Comment by doliveira
3 years ago
Honestly I don't think I've ever used a precompiled package in Python. Every single C stuff seems to take ages and requires all that fun stuff of installing native system dependencies.
Edit: skimming through this page, precompiling seems like an afterthought, and the linked packages don't even seem to mention how to integrate third-party libraries. So I guess I can see why it doesn't deliver on its promises.
Probably a function of the specific set of packages you use, or the pip options you specify. Pretty much all the major C packages come as wheels these days.
They all come as wheels, they just aren't precompiled.
I honestly can't remember the last time I had to compile anything, and I am on Windows.
Can you link one that comes as a wheel but is really a source distribution?
You can try pip install pillow for a good example of how it works. I suspect there's a strong survivorship bias here, as you'd only notice the packages that don't ship with wheels.
Yeah, perhaps. One I remember from last year is the cryptography and numpy package, for instance. Now they do seem to ship with binary wheels, at least for my current Python and Linux version.
Kerberos and Hadoop stuff obviously still doesn't, though. I guess the joke's on me for being stuck in this stack...

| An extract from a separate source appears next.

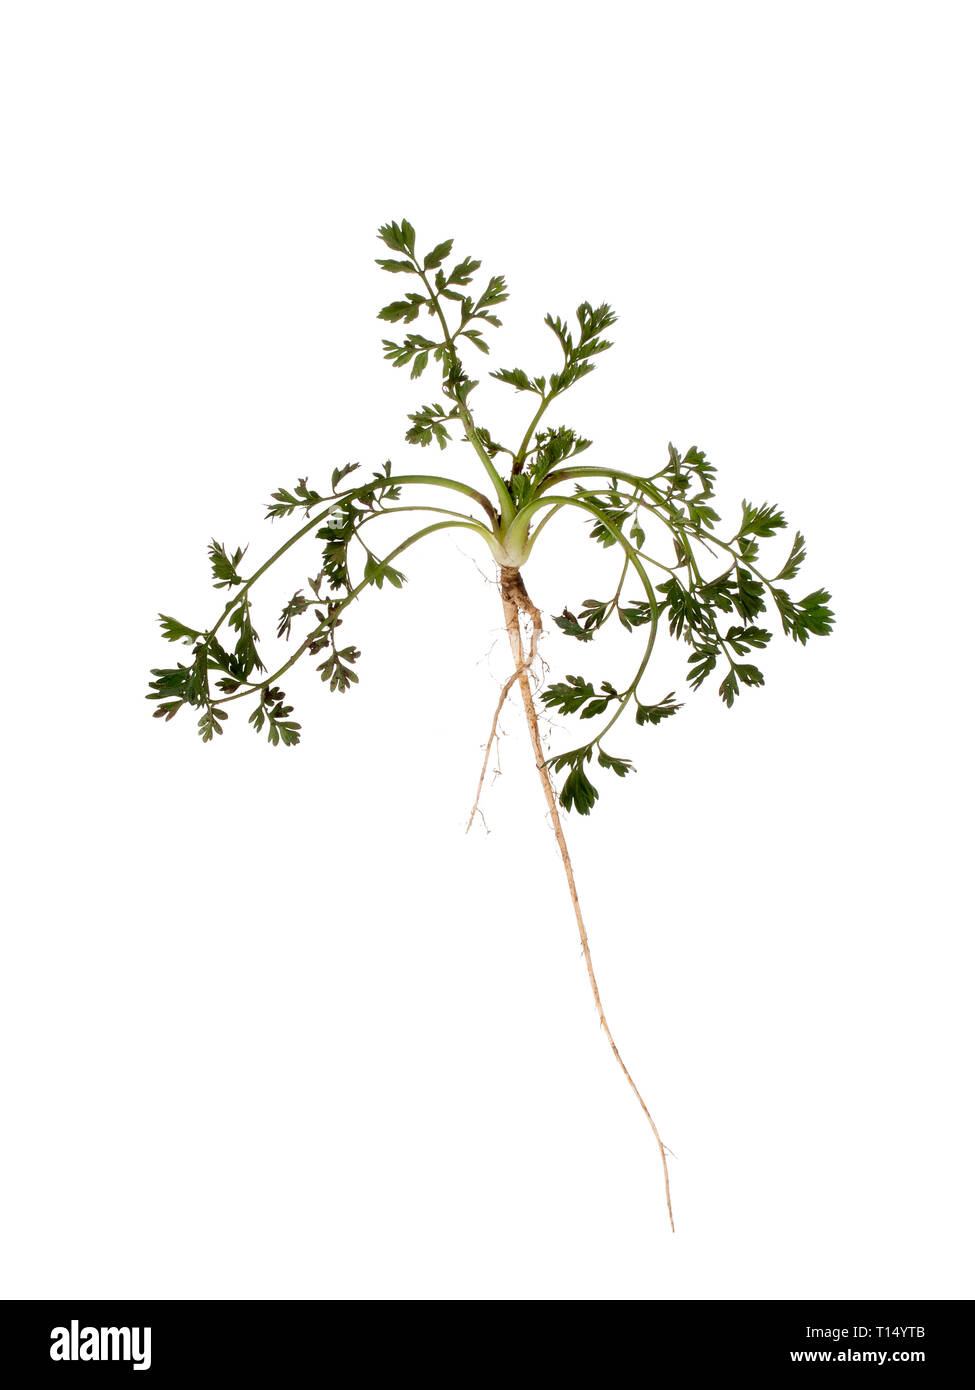 Wild carrot, Daucus carota, garden weed. Whole plant with long root isolated on white. Horticulture problem, though later has beautiful flowers. Stock Photo
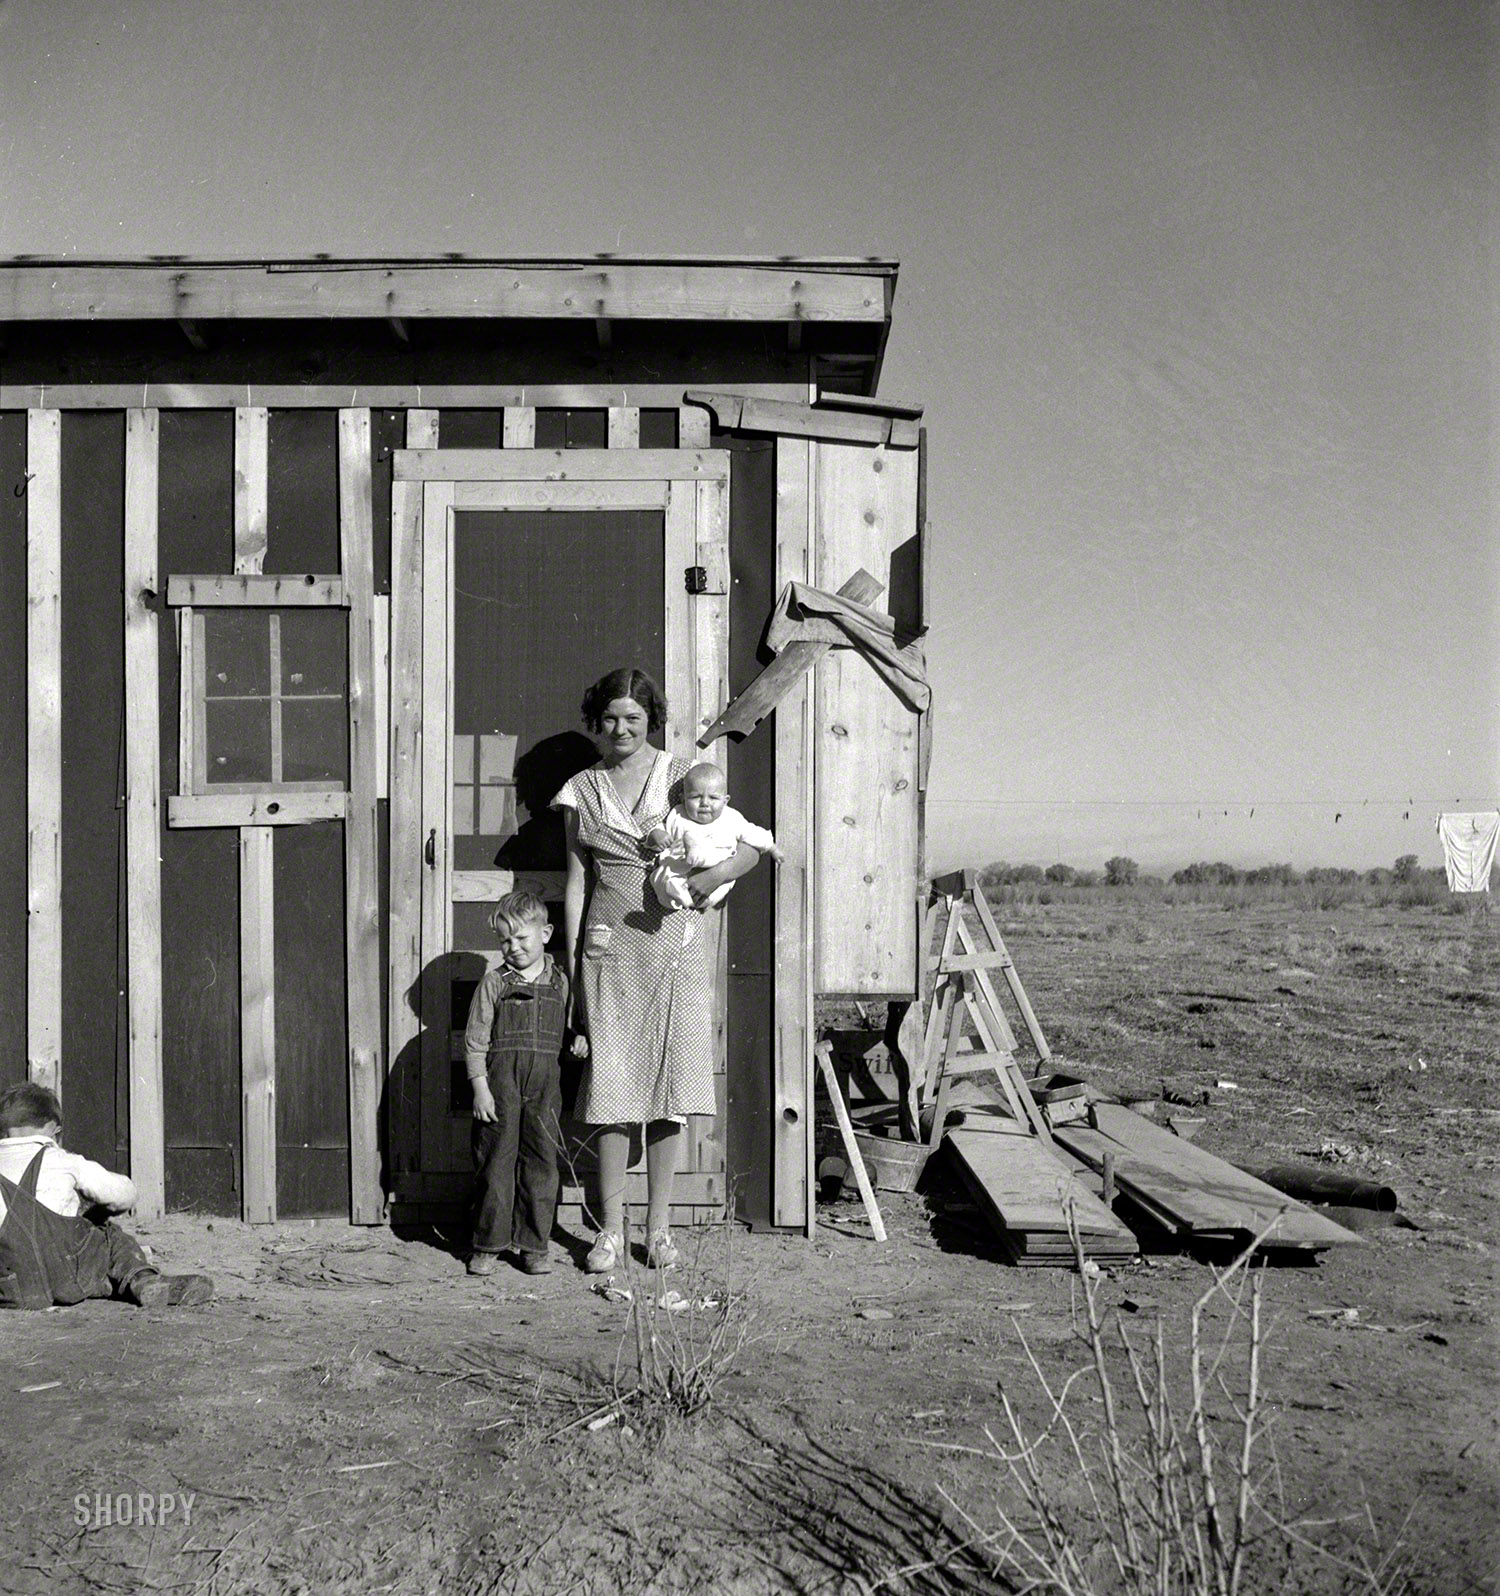 December 1935. "Resettled at Bosque Farms project in New Mexico. Family of four from Taos Junction shows temporary dwelling." Medium-format negative by Dorothea Lange for the Resettlement Administration. View full size.

In order for a wheel to be used instead of a source distribution there needs to be one that matches your environment. For numpy you can take a look at the wheels for their latest release[1]. The filename of a wheel specifies where it can be used. Let's take an example:
numpy-1.25.2-cp39-cp39-manylinux_2_17_x86_64.manylinux2014_x86_64.whl
This specifies cpython 3.9, linux, glibc 2.17 or higher, and x86_64 cpu. Looking through the list you will see that the oldest cpython supported is 3.9. So if you are running with an older version of python you will have to build from source.
I just learned a bit more about this recently because I could not figure out why PyQt6 would not install on my computer. It turned out my glibc was too old. Finally upgraded from Ubuntu 18.04.
[1] https://pypi.org/project/numpy/1.25.2/#files
Try `--only-binary :all:` to force pip to ignore sdist packages, might help avoid those slow compilations.